Temple aka Sarah Mary Williams (afuriousrage) wrote in zombieslogs, @ 2014-02-26 17:48:00 |
|
|||
Entry tags: | temple |
Who: Temple
What: Watching over Krissy
When: This morning
Where: The infirmary
Warnings: Sad times
Notes: Malcolm and Temple dialogue is lifted from The Reapers Are The Angels
She had waited patiently for this moment. There were a lot of people in and out to see Krissy. Temple knew some of them from seeing them around at the prison or working on sentry shifts. She didn't know all their names but she knew their faces as they came and went. Have faith, Castiel had told her after hours of watching people in and out. Temple's problem wasn't faith and it never had been. In her sixteen years Temple had discovered that the earth was just one sprawling adventure. She was smart, earth. She kept her secrets but if you hunted them down far enough and hard enough you were bound to find them. And then some of them were just right in front of her face every day. Like the sun, blindingly brilliant when the sun hit it just right. Like the rolling purples and grays of the twilight sky. Like the thunder and the lightning that used to scare Maury so much but Temple knew that thunder and lightning was just God's way of reminding them all of who was in charge.
"You're real popular you know," Temple said quietly as she stood at Krissy's bedside. "I had to wait a long time just to get ya alone." She smiled as if Krissy could see her. You needed eyes for seeing things but there was nothing wrong with Krissy's ears. Maybe she could hear her. She didn't dare touch her though, afraid that maybe the tiniest disturbance might tip the balance in an ugly favor. Faith wasn't the problem, Temple knew that God existed. Vengeful and terrible in his righteousness, she believed in Him with all her heart. But it was hard to do the right things when there was the blood and the bandages and that machine that was keeping Krissy breathing. Those were the sort of things that would make a girl angry at God, that could make her welcome the sin into her life. Temple couldn't blame all of her past sins on anger but many of them had stemmed there.
"There was an iron giant just outside of Tulsa. He had a hardhat on and he had to be at least eight stories tall. He was a severe and mighty thing." Temple whistled low and shook her head. "Like a soldier of God who could shake the earth with his footsteps." The heart monitor beeped nearby with every beat of Krissy's heart. "Course I know that real soldiers of God aren't that big and I guess they wear trenchcoats." She shrugged at that. Castiel wasn't what she was expecting but she took it on faith that he was who he said he was and not just some crazy guy who thought he was an angel.

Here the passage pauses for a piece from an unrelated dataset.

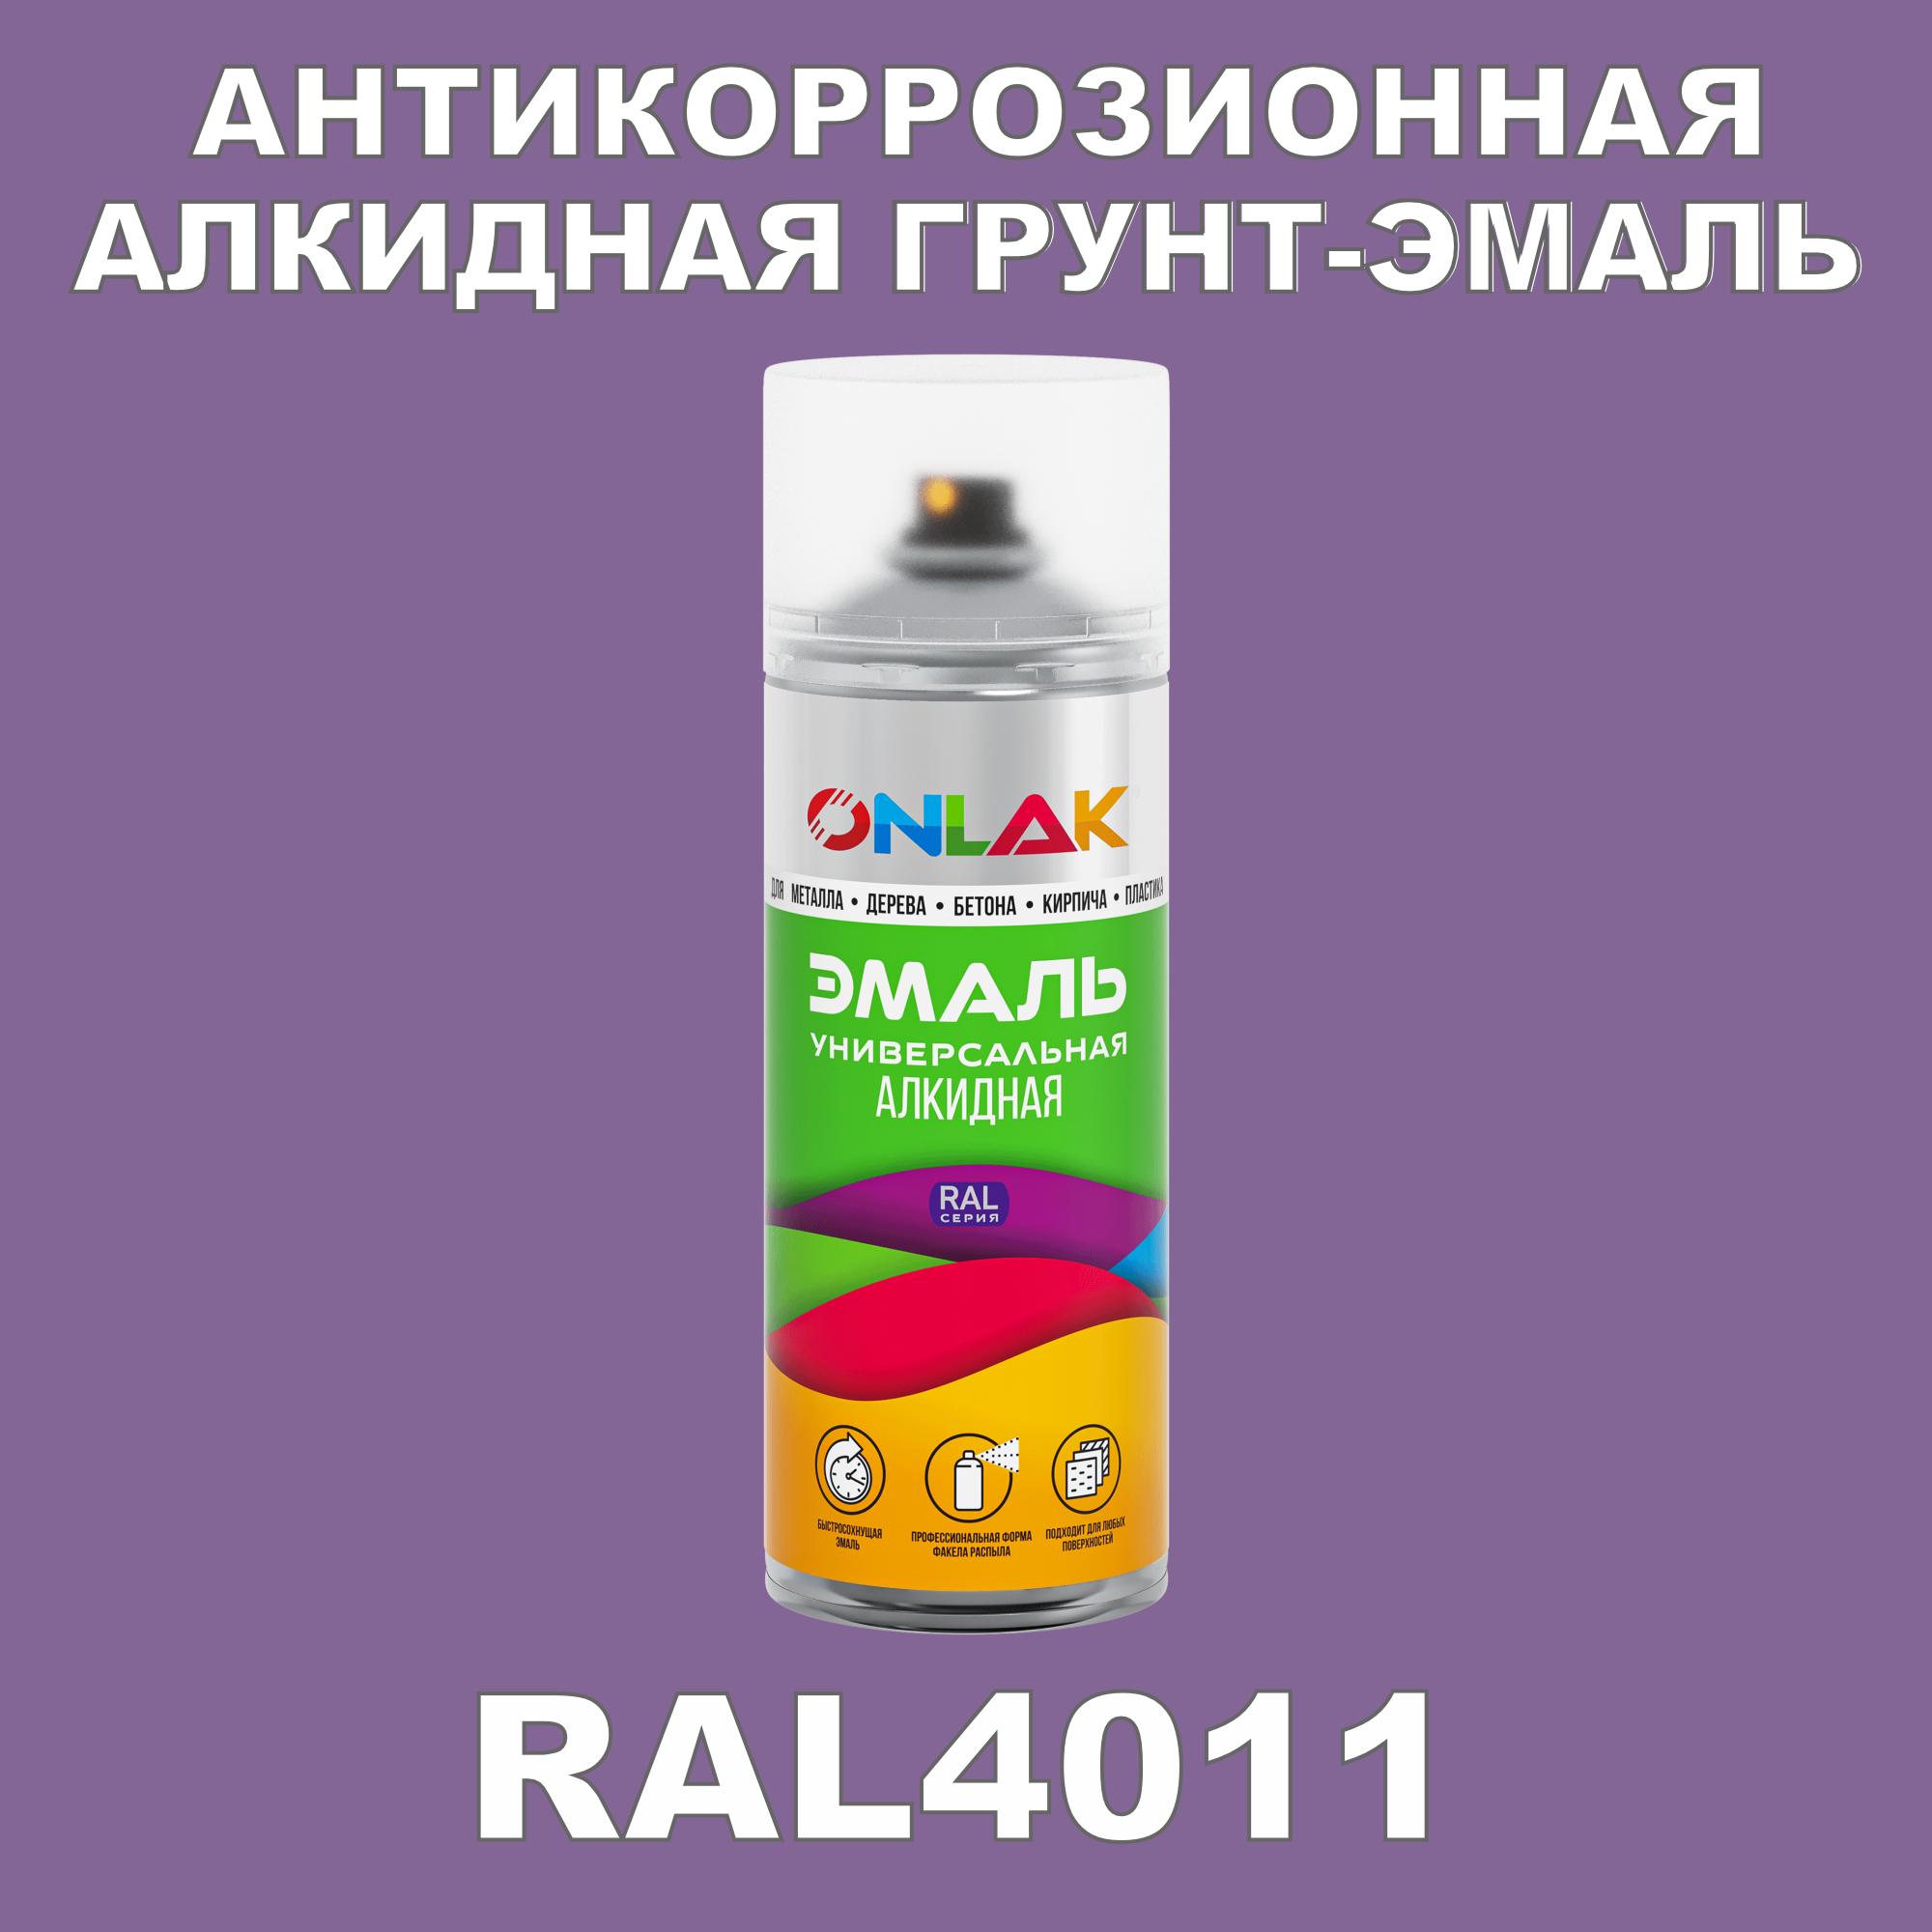 Антикоррозионная грунт-эмаль ONLAK RAL 4011,фиолетовый,550 мл

"Who built it?" Malcolm had asked.
"I don't know. The city, I guess."
"Why?"
Temple shrugged. "I don't know. It makes people feel good to build somethin' big. Makes people feel like they're makin' progress, I reckon."
"Progress towards what?" Malcolm, the little boy had asked her all big earnest eyes. It might have been that he had been Temple's brother but it was hard to know for sure. Most of the papers were burned in the fire at the orphanage. It was hard to tell who was related to who anymore. It didn't matter because in her heart Malcolm was her little brother.
"It don't matter. Up higher or down deeper or out farther. As long as you're movin', it don't matter much where you're goin' or what's chasin' you. That's why they call it progress. It keeps goin' of its own accord."
"Do they still build things like this?"
"Not much, I don't guess."
"Is that cause there ain't no progress anymore?"
"What you talkin' about? There's still progress. It just ain't in iron man statues anymore."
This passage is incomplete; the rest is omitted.